MGS observations of dust activity in the N. polar region on June 30 were released onto the Web on August 10, in other words since the last Circular. The images are dated June 30, 0652h, 0850h, 1047h and 1245h UT, showing the hemisphere of Mare Acidalium. A dust cloud curls southward from near the NPC remnant, concealing Hyperboreus Lacus. (See Extract B from the MGS web site, below.) The Director was not aware of this event at the time, so he could not alert observers. But the region was on the wrong side of the planet to be viewed from the UK at that time. Japanese observers may have viewed some indications of the event in early July.
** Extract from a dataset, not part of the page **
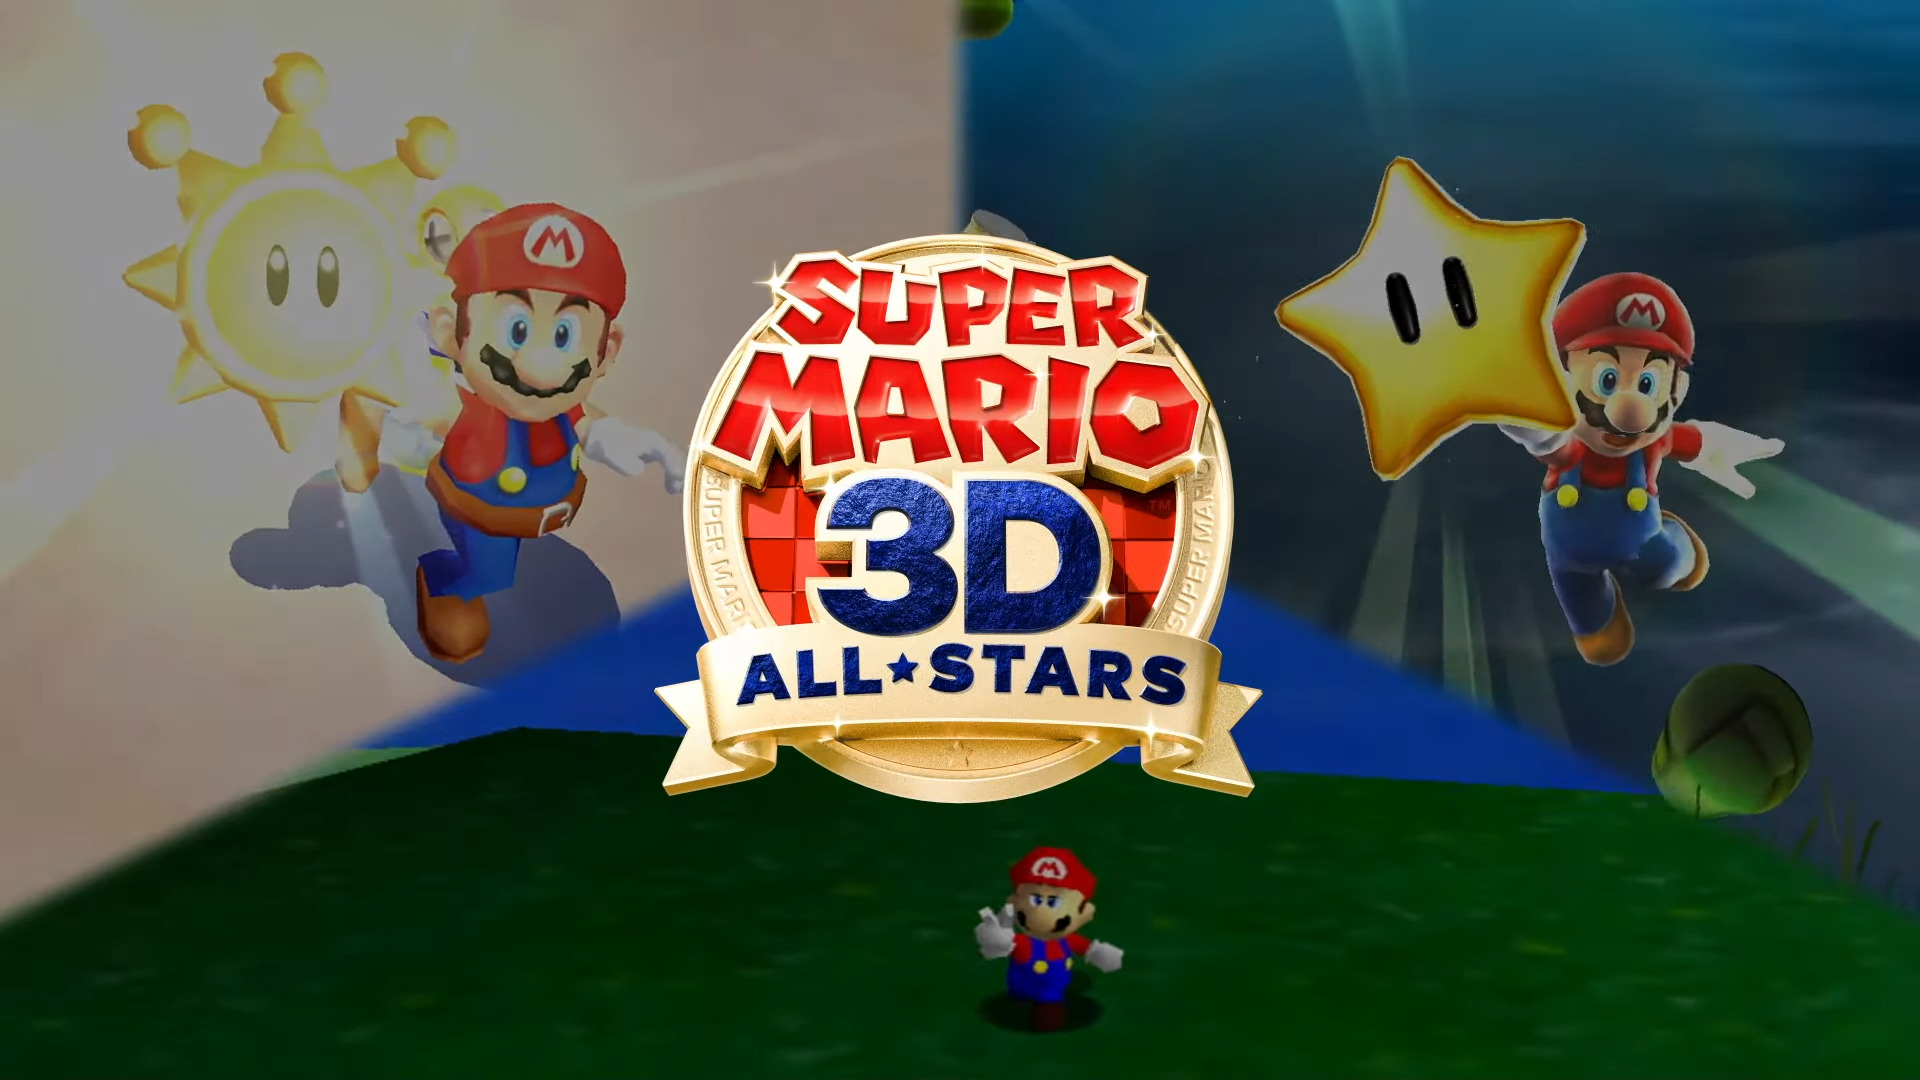 Nintendo Confirms That It Will Add Inverted Camera Controls For Super Mario 3D All-Stars

      It will be recalled from Circular No. 6 that of the BAA observers, Cidadao and McKim viewed dust activity in the Mare Boreum region on June 2–3, not far from the event of June 30. This area, adjacent to and NW of the large dark area Mare Acidalium, has therefore produced several small dust events and white ‘cyclonic’ clouds (see an earlier Circular) during the apparition. Historically the region has produced other ‘cyclonic’ clouds during the 20th Century. But what about dust storms? The large albedo and thermal inertia contrasts between Acidalium and the neighbouring classical deserts of Tempe, Chryse, Xanthe has occasionally led to dust initiation in the latter desert regions, but I cannot recall dust activity starting over Mare Boreum during the period reviewed in the Dust Storm Memoir (i.e., up to 1993). This all goes to show that Mars can still surprise us. Past records of a yellowness about the polar regions should therefore not be dismissed immediately as observational error! In the Mars Memoir (see later) I have called attention to such polar dust records, and briefly describe my results. But after the martian polar storms in the summers of 1997 and 1999 it may be prudent to further re-examine some historical data.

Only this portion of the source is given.